Hillary Clinton's poor approval numbers can be traced back to attacks launched on her during the Democratic primary by her chief rival, Sen. Bernie Sanders, I-Vt., according to one of her most dedicated backers.

"He did do significant damage to Hillary's negatives," Center for American Progress President Neera Tanden said in a recent interview with Politico released Monday.

"I mean, he drove a lot of those negatives, and the truth of it, I mean, just to be candid or honest about it, you know, I think getting those kinds of attacks from another Democrat or another liberal or another progressive is much tougher for Hillary, and it was really hard," she said.

Sanders hit Clinton particularly hard during the primaries over her connections to major Wall Street firms, including the millions of dollars she accepted from giving paid speeches to groups that included Goldman Sachs and Bank of America.

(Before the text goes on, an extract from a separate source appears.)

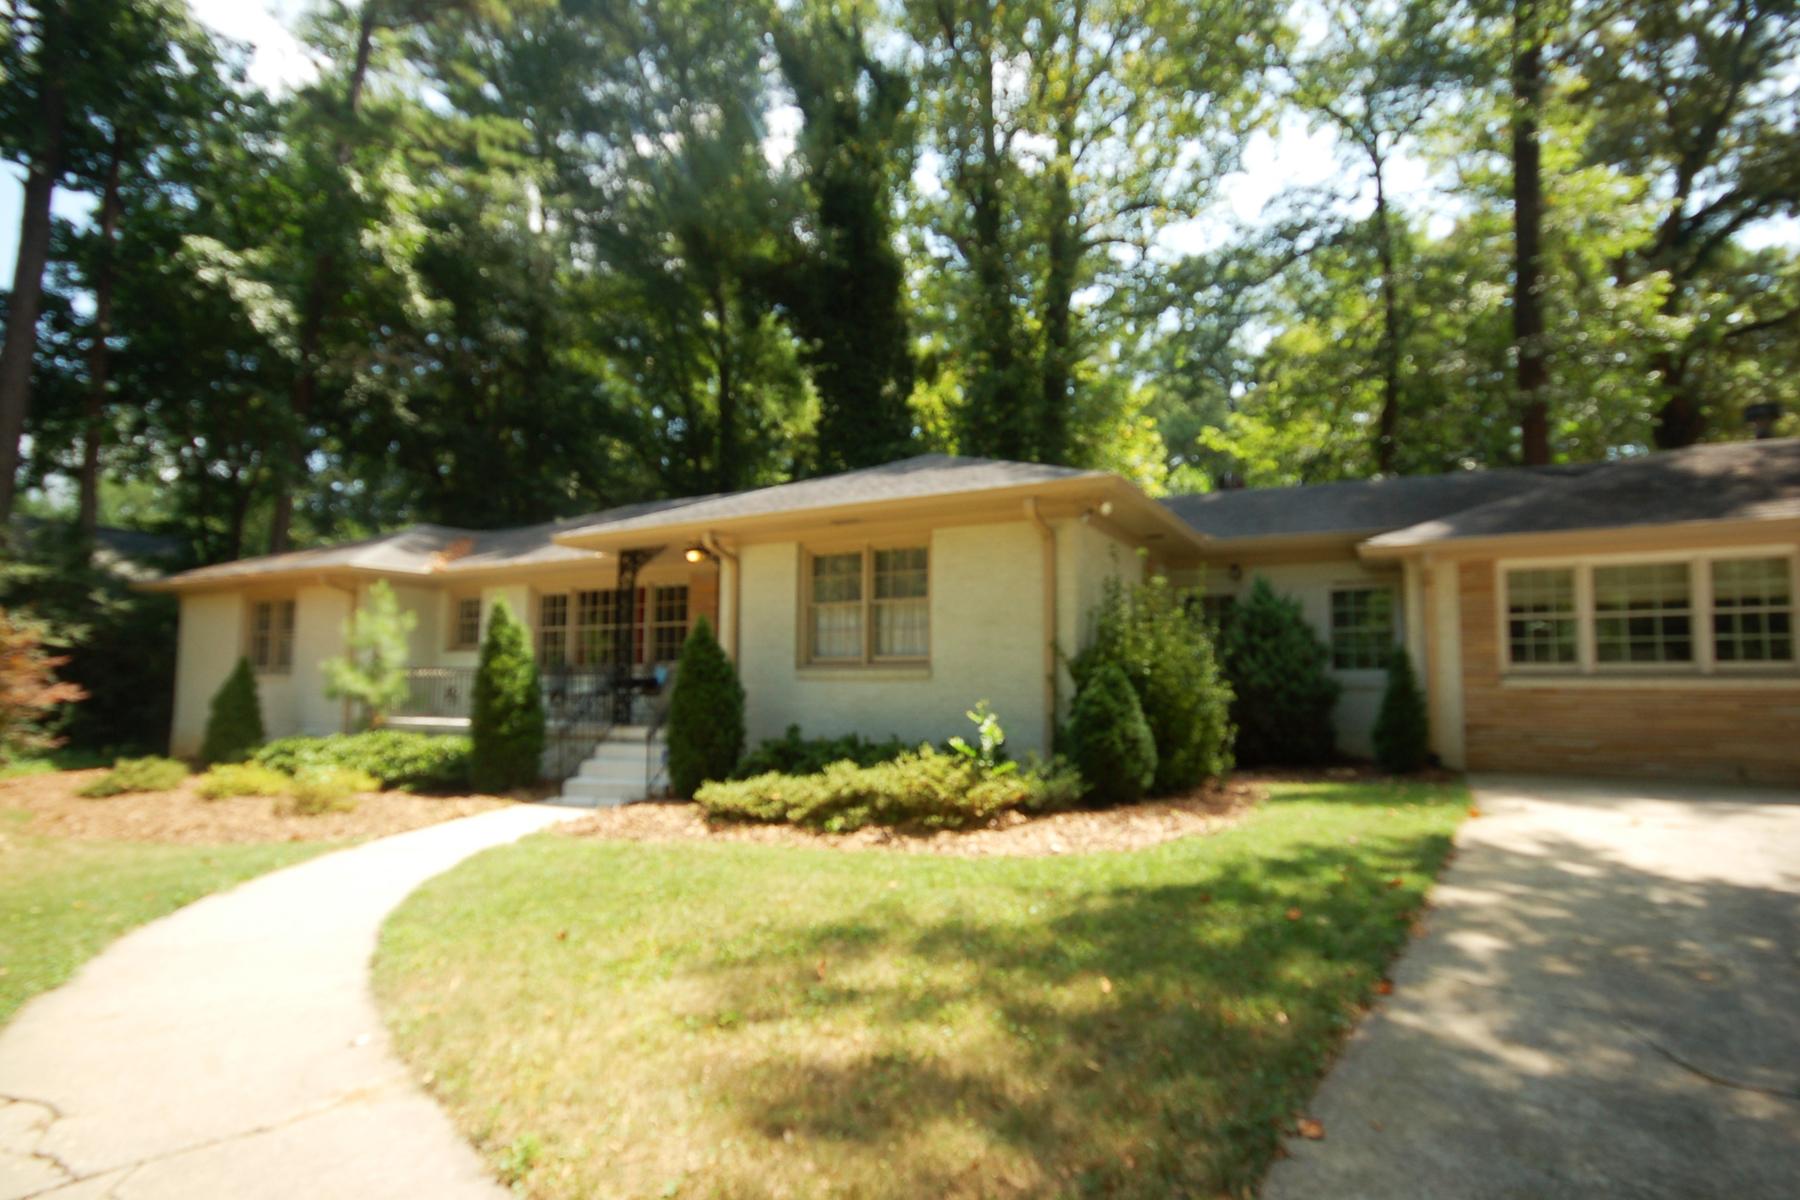 Single Family Home for Sale at Great Opportunity In Buckhead 3851 Wieuca Road Buckhead, Atlanta, Georgia, 30342 United States

"If you look at her trust numbers the last six months of that primary, it was much, those numbers took a much sharper dive and hard to recover from," said Tanden, who is part of the Clinton transition team leadership.

Though national polling shows Clinton consistently beating GOP nominee Donald Trump, many surveys also show the Democratic candidate has a major trust problem.

A recent CBS News poll, for example, showed Clinton had widened her lead over Trump in Ohio by six points. But the survey, which has a margin of error of plus or minus four percentage points, also showed she is not viewed in Ohio as "looking out for people like you."

Fewer than 44 percent of survey respondents said they think the Democratic candidate is looking out for them, "which also connects to voters' doubts about her truthfulness, and to the fact that many voters feel she is too connected to the influence of foreign donors," the poll found.

Tanden's criticism of Sanders' primary attacks come as the Vermont lawmaker prepares to return to the campaign trail to stump for Clinton.

The senator plans to hit the road shortly after Labor Day, he revealed in a recent interview.

"I look forward to it," he said. "I feel very strongly that Donald Trump would be a disaster for the country. I want to do everything I can to see that Secretary Clinton wins."

The senator is expected to stump for the Democratic candidate in quite a few states, including New Hampshire, Maine, Michigan Wisconsin, Ohio, Pennsylvania and Nevada.